▶ About this exercise:
Reproduce the listing exactly, please, with every line intact.

▶ Given information:
========================================

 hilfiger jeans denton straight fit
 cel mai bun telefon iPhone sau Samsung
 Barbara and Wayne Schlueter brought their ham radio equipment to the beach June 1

========================================

▶ Solution below:
 hilfiger jeans denton straight fit
 cel mai bun telefon iPhone sau Samsung
 Barbara and Wayne Schlueter brought their ham radio equipment to the beach June 1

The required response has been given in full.